2012年6月13日(水)

世界が注目する、アラブの現代美術とその理由~
インタビュー:「アラブ・エクスプレス展」南條史生編(2)

森美術館で開催する「アラブ・エクスプレス展: アラブ美術の今を知る」(2012年6月16日から10月28日まで)。
前回、自身が見てきたかつてのアラブと現在のアラブの様子を語った南條。第2話では、アラブ美術が世界の美術シーンの中でどう位置づけられているかについて聞きました。
 



 -- 世界の中でアラブの現代美術はどのように位置づけられていますか?

南條:国際的には、これからどんどん登場し、脚光を浴びる直前ということができるのではないでしょうか。注目はされているけど、まだ中国のように圧倒的に市場を席巻したり、あるいはみんなが知っているという段階にははいっていないでしょう。しかし作品の質はどんどん良くなってきている。注目するのに良い時期だと思います。

「人の交流」ということで考えると、人口動態を把握していないのではっきり言えないんですけれども、例えばレバノンを見ていると、内戦が非常に長かったということがあって、この20年間でかなりの人口が外国に流出しています。外国で仕事をし、レバノンの家族に送金をしているという構造があるわけです。
ですから、以前は西洋化や近代化しているといっても、それは欧米が入ってきてつくったものでしたが、現在は海外に出て行った人たちが、移住先で欧米的な文化を身につけ、戻ってきて自国を国際化する、といった、違うフェーズに入っているのかなという気がします。つまり現代美術も、もっと自分たちの表現として深く理解され始めているのではないか。


カタールのドーハに一昨年(2010年)オープンしたマトハフ・アラブ近代美術館



 -- そうすると、現在のアラブの現代美術というのは、欧米の現代美術を知った上で、自分たちの社会の現状から、独自の表現をするということになるのでしょうか。

南條:そうですね、やはり現代美術というのは、国際言語ですので、ある程度はその国際的なボキャブラリーを知っているほうが豊かな表現ができるわけですね。しかし一方で、自分の国の伝統文化を知っているということも、非常に大事です。この両方が組み合わさって、一種の化学変化が起き、その国や社会に根ざした、特徴のある新しい作品や表現が出てくるといえるのではないでしょうか。


レバノンの戦争に関わる作品を制作しているゼーナ・エル・ハリール
「アラブ・エクスプレス展」に出展されます。

ゼーナ・エル・ハリール
《ザナドゥ、あなたのネオンは輝くだろう》
2010年
カンバスにアクリル、グリッター、布、クーフィーヤ、ビーズ、スパンコール、ポンポン、
造花、コピー、断熱板、金縁の額
183 × 215 × 19 cm
Courtesy: Galerie Tanit
Photo: Christoph Knoch



 -- そのような現象はアジアでも見られると思いますが、今日本がアラブ現代美術に注目する理由はなんでしょう?

南條:今は大変なアジアの現代美術ブームですよね。
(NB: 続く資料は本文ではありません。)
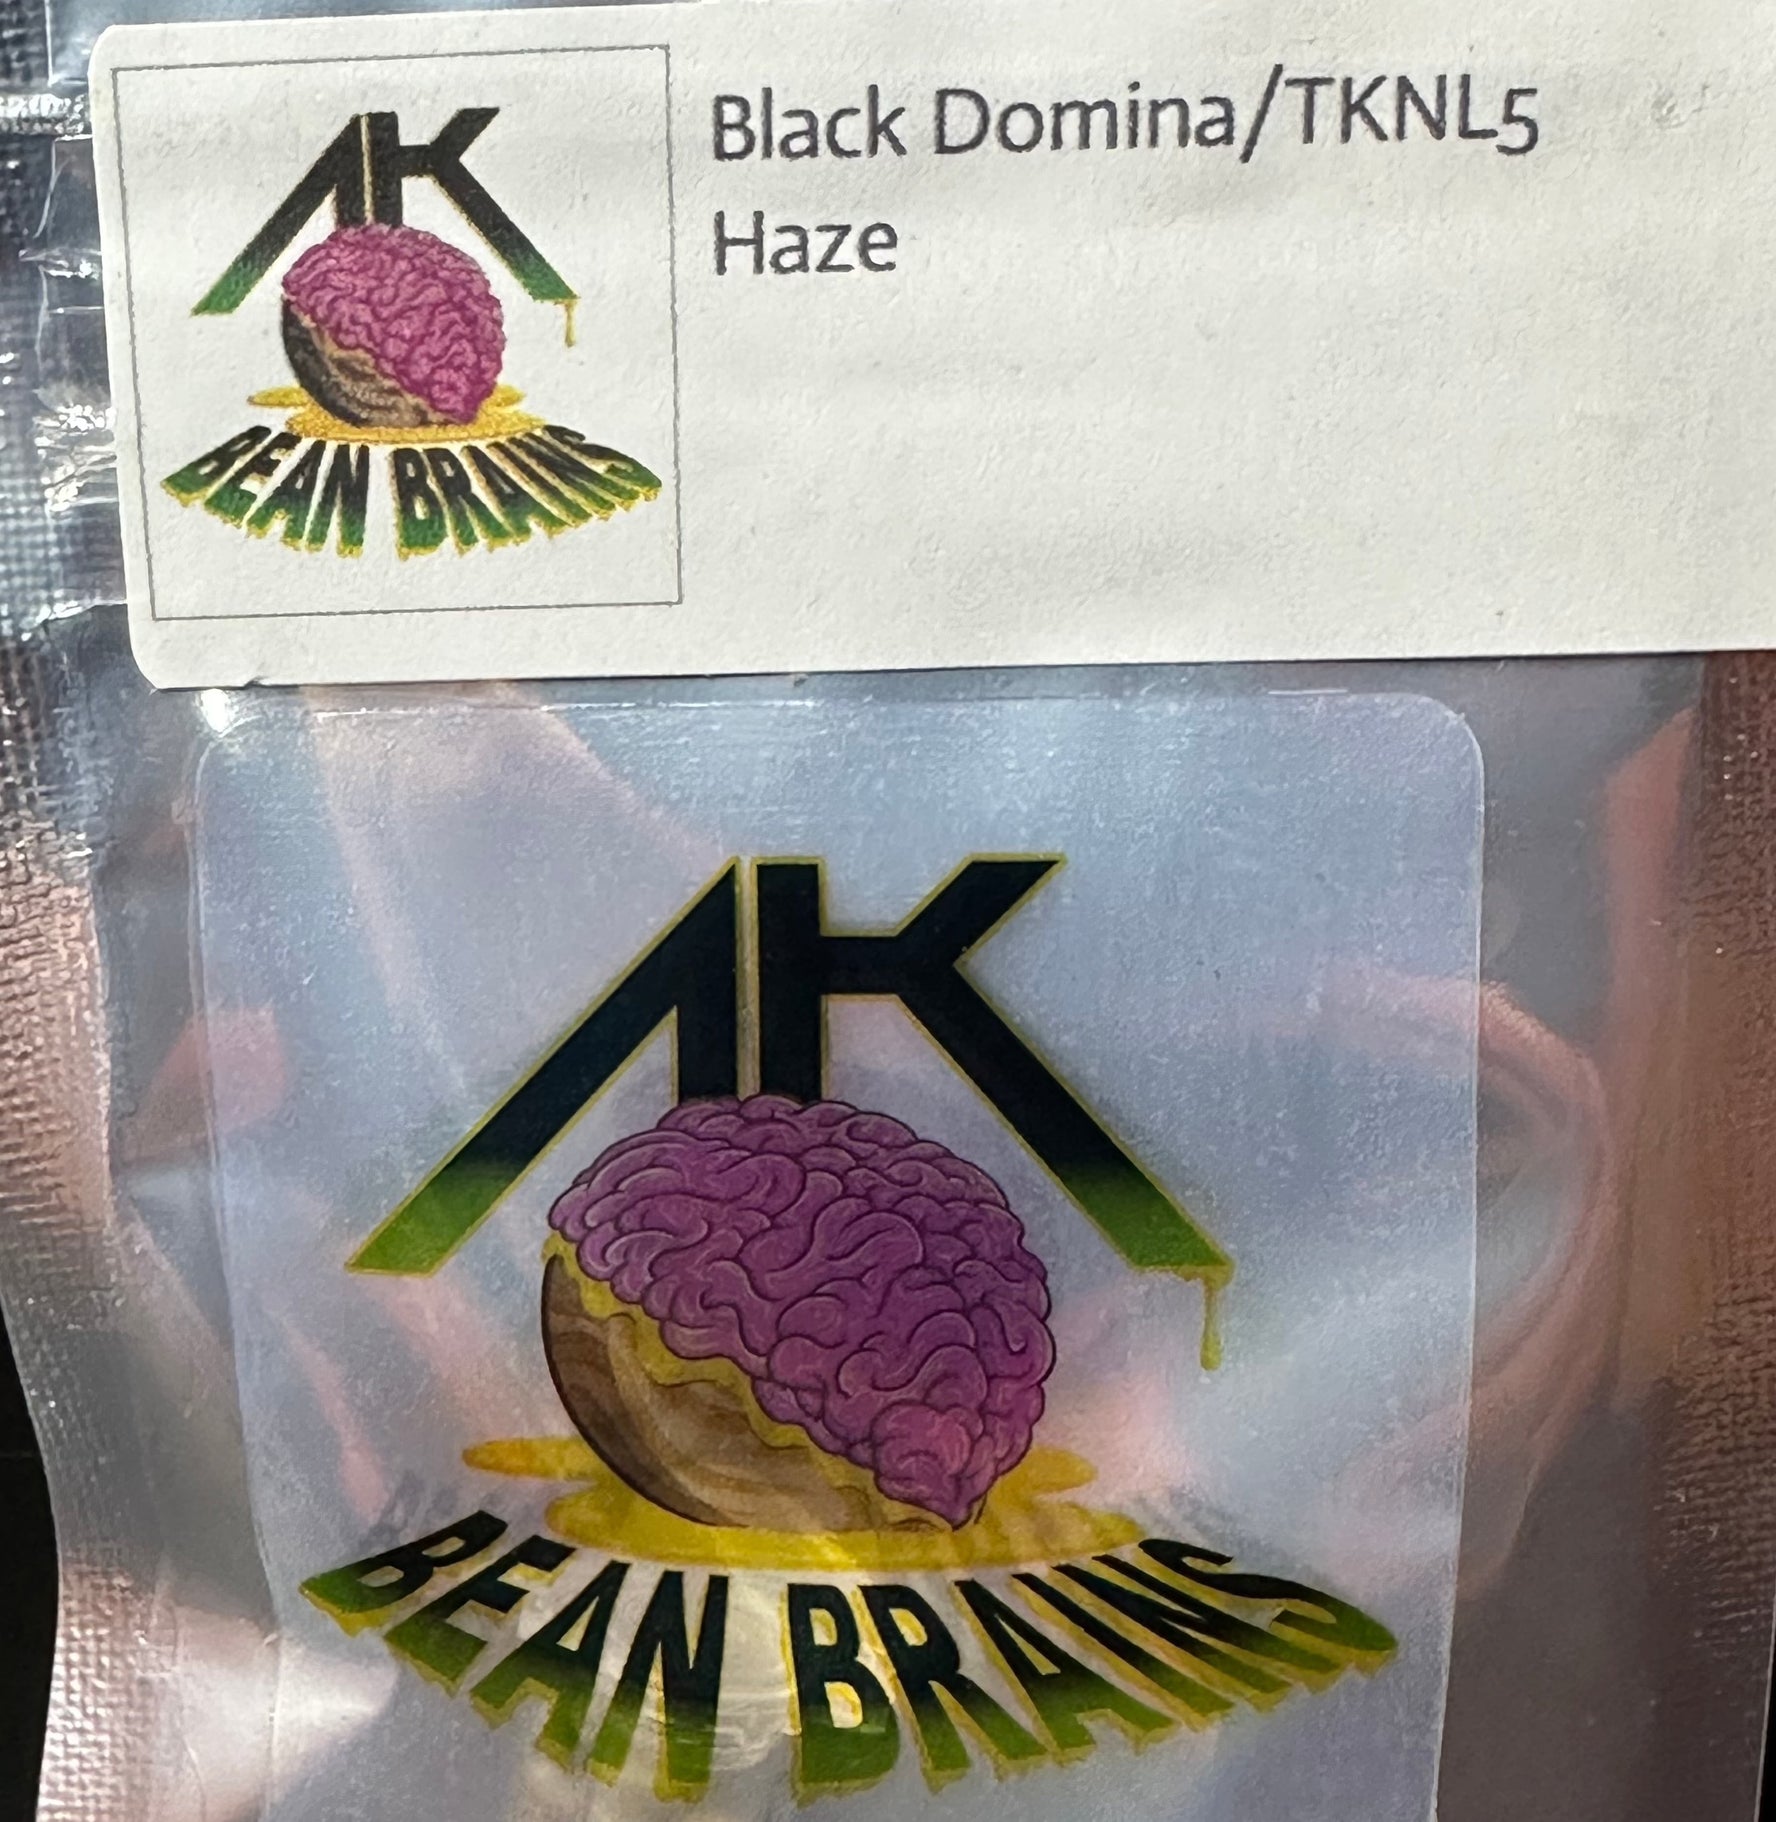 AK Bean Brains - Black Domina/TKNL5 Haze

そして、中国現代美術が非常に大きなマーケットを生みだし、作品価格が1億円を超えるような作家が多数出てきました。
その状況の中で、欧米からは「じゃあ、アラブの美術はどうなの、後を追随するんじゃないの」という好奇心をもって注目されるようになりました。要するにヨーロッパとアジアの真ん中に挟まっている場所からも何か出てくるんじゃないか、という思いがあるんでしょうね。
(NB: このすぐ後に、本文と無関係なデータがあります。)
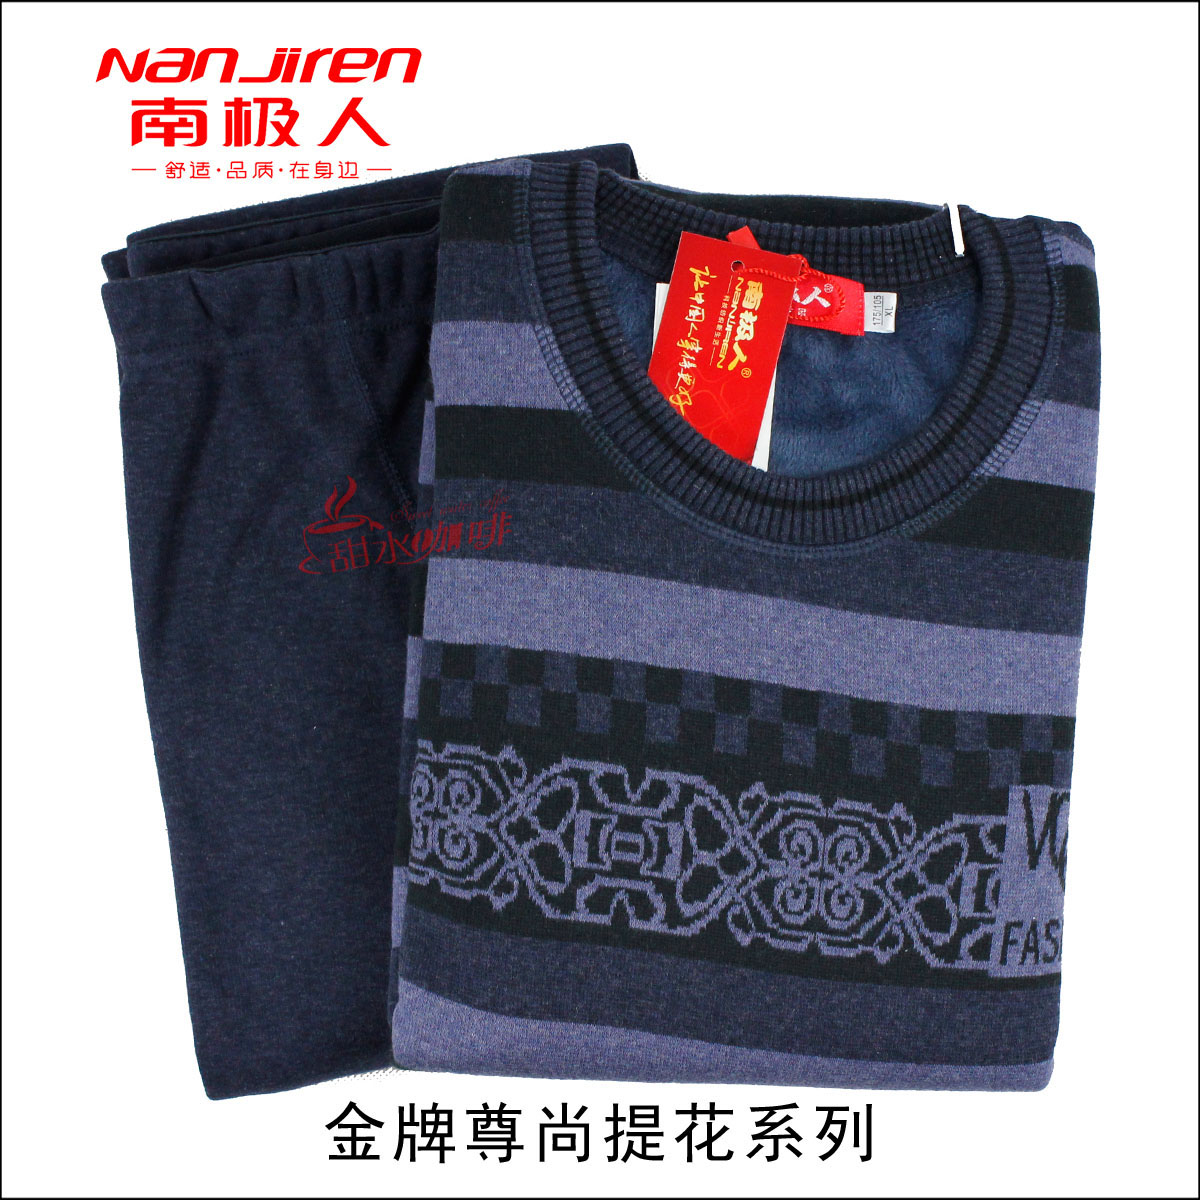 Thermal underwear quality fashion jacquard male thermal underwear set 9070 - 8

さらに、アラブというのは長い間、欧米列強の植民地だったので、フランス、イギリスなどの元宗主国が、ある意味でいまだに親近感を持ってアラブ諸国の現代美術を自国の美術館で紹介するというブームが起こっています。ですから、この5、6年ロンドンやパリでは大変多くのアラブ現代美術が紹介されています。


ドバイのアートフェア

一方日本でアラブ現代美術が紹介されることはほとんどありませんでした。 ですので、ジャーナリスティックな視点からも、今日本でアラブ現代美術をいち早く紹介し、皆さんに紹介したいと思った訳です。
もう1つ、経済的視点というものもあります。アラブ世界と日本は経済的には非常な密接な関係があります。石油を必要とし、輸入しているだけでなく、日本の製品を多数輸出したりもしていますから、互いに依存関係にあるわけです。そういう国の文化を知るということは、とても大事なことだと思うのです。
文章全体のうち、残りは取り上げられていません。